## Your objective
Print the data below exactly as it stands, and keep the pictures out.

## Dataset extract
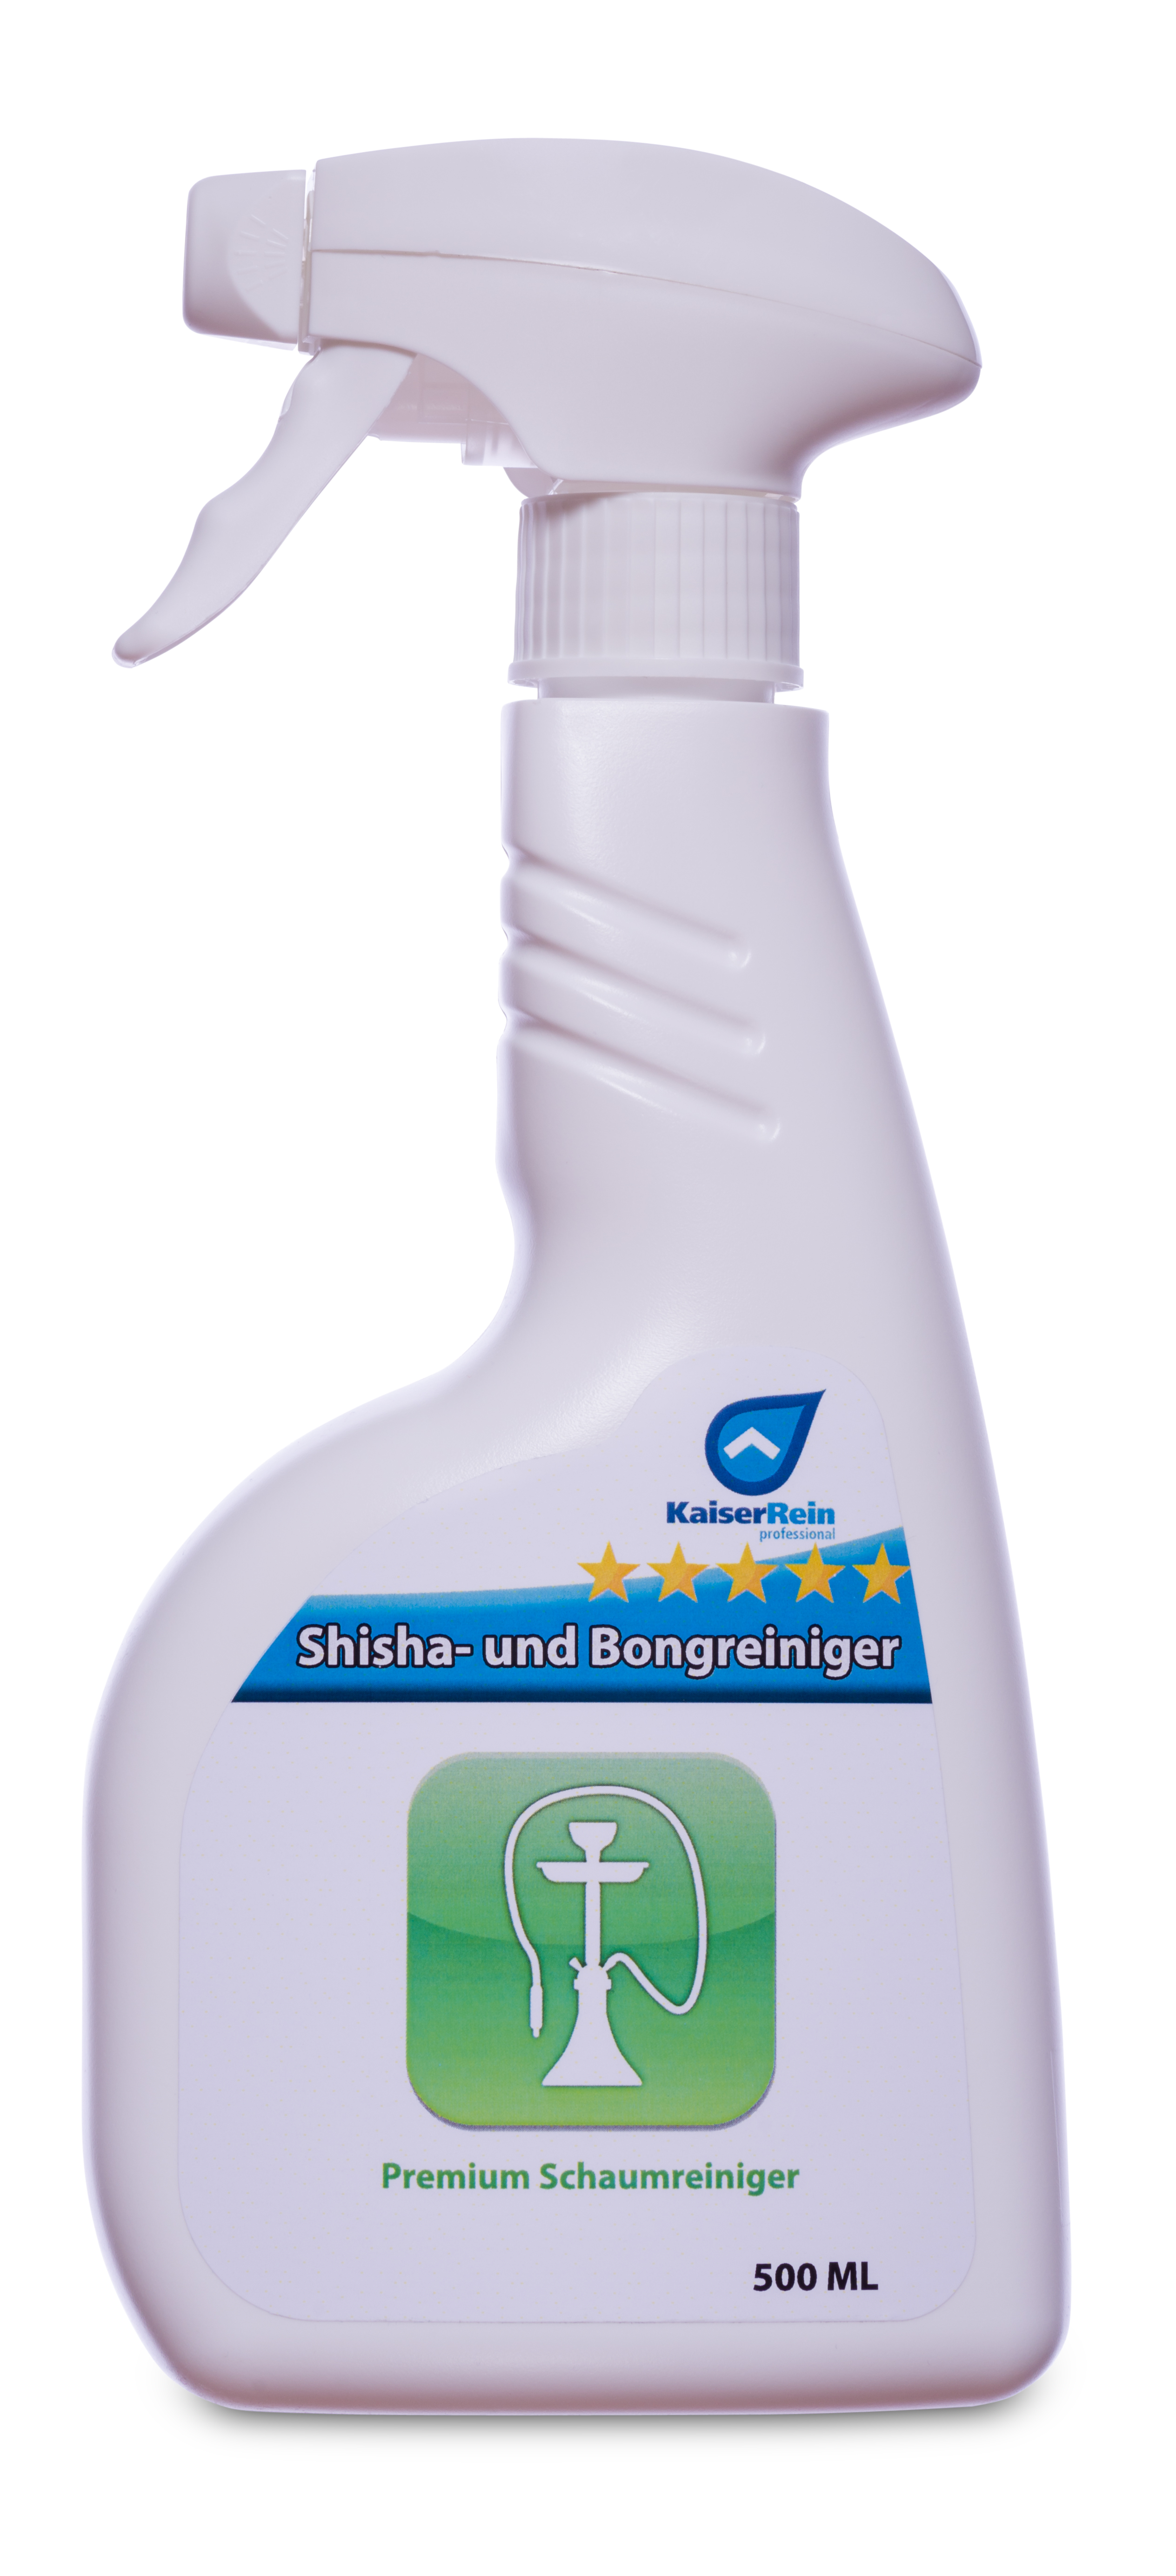 Shisha- und Bongreiniger Premium Schaumreiniger
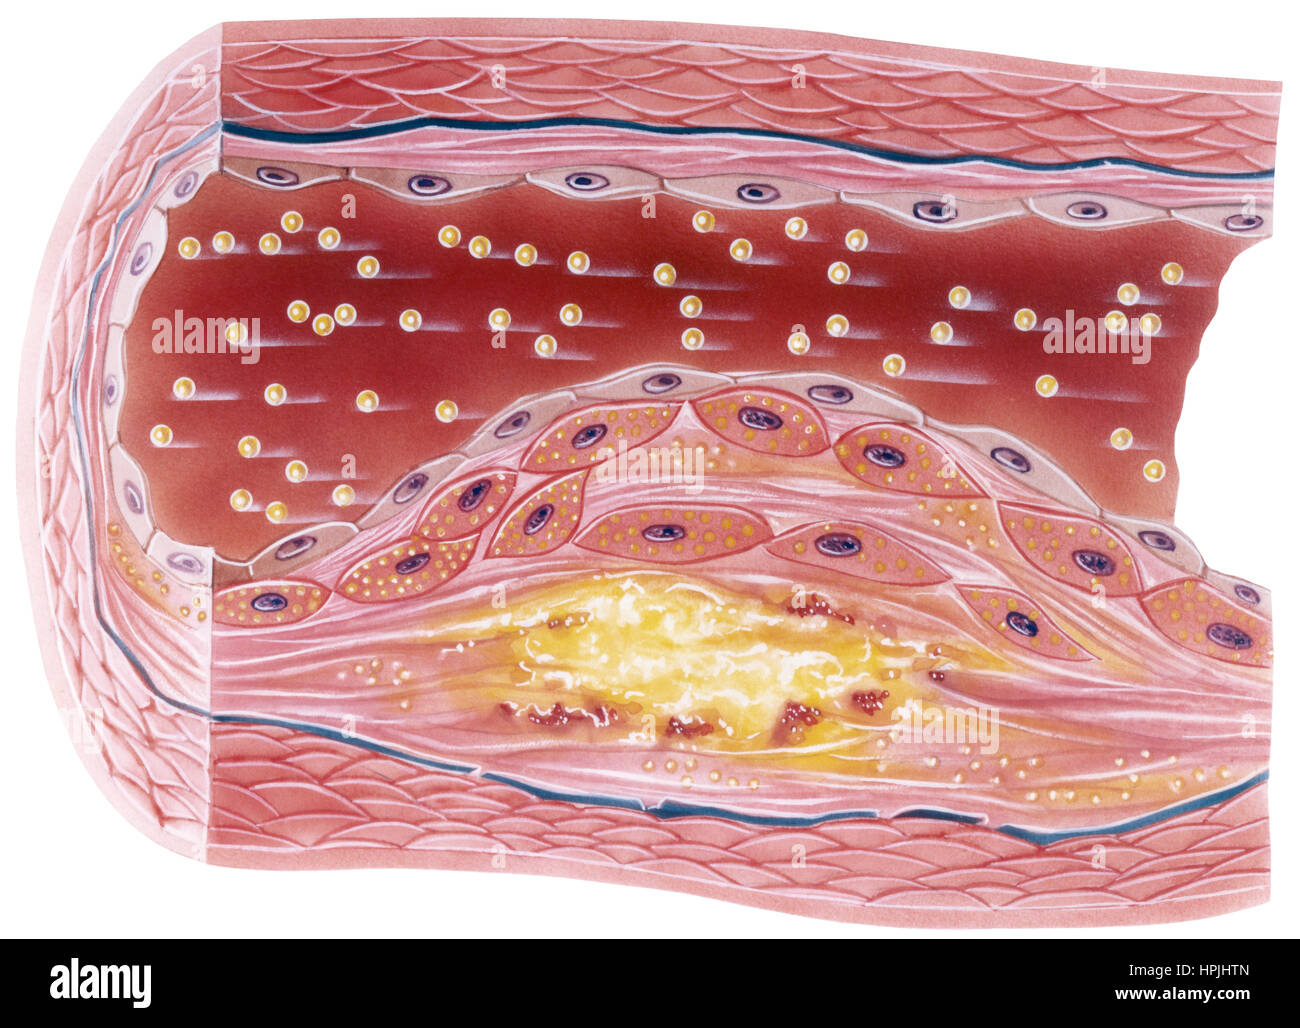 L'athérosclérose vasculaire montrant une vue en coupe de la plaque accumulée dans un malheureux vaisseau sanguin. Cette condition est tout à fait évitable et reversabl Banque D'Images
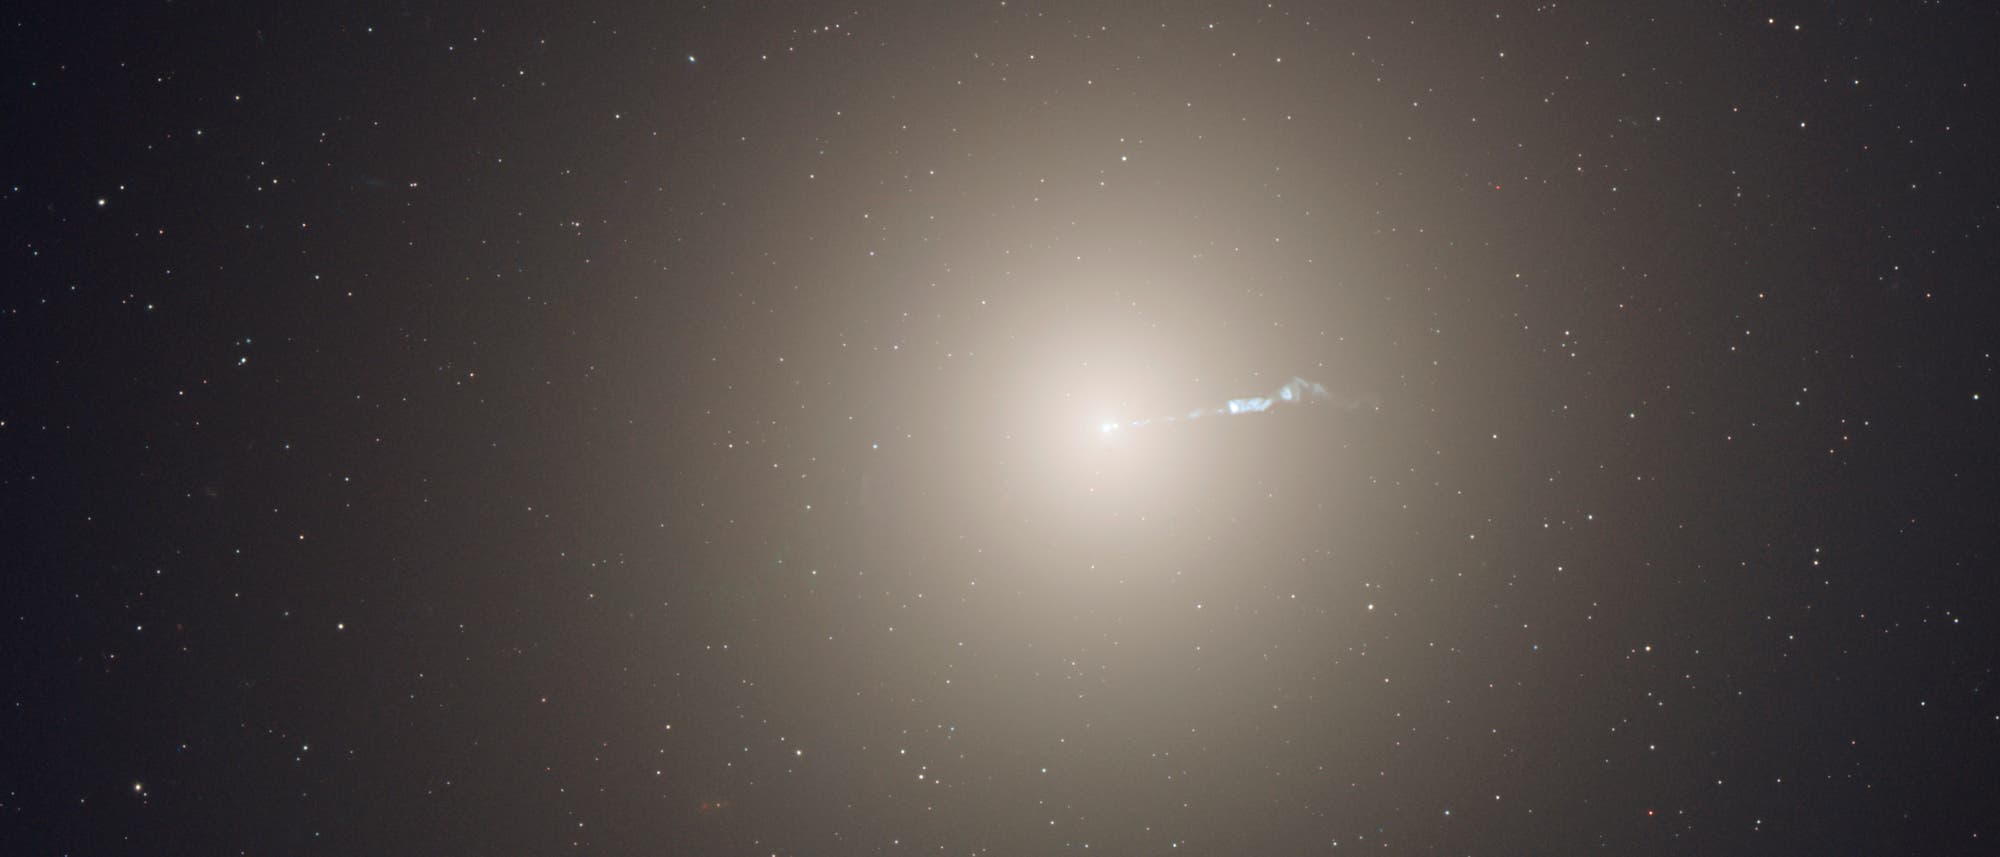 Die elliptische Galaxie Messier 87 ist das dominierende Zentrum des Virgo-Galaxienhaufens, der rund 2000 Mitglieder hat. Sie enthält eine Billion Sterne, hat in ihrem Zentrum ein extrem massereiches Schwarzes Loch mit sechs Milliarden Sonnenmassen und ist von 15000 Kugelsternhaufen umgeben.

## Reply
 Shisha- und Bongreiniger Premium Schaumreiniger
 L'athérosclérose vasculaire montrant une vue en coupe de la plaque accumulée dans un malheureux vaisseau sanguin. Cette condition est tout à fait évitable et reversabl Banque D'Images
 Die elliptische Galaxie Messier 87 ist das dominierende Zentrum des Virgo-Galaxienhaufens, der rund 2000 Mitglieder hat. Sie enthält eine Billion Sterne, hat in ihrem Zentrum ein extrem massereiches Schwarzes Loch mit sechs Milliarden Sonnenmassen und ist von 15000 Kugelsternhaufen umgeben.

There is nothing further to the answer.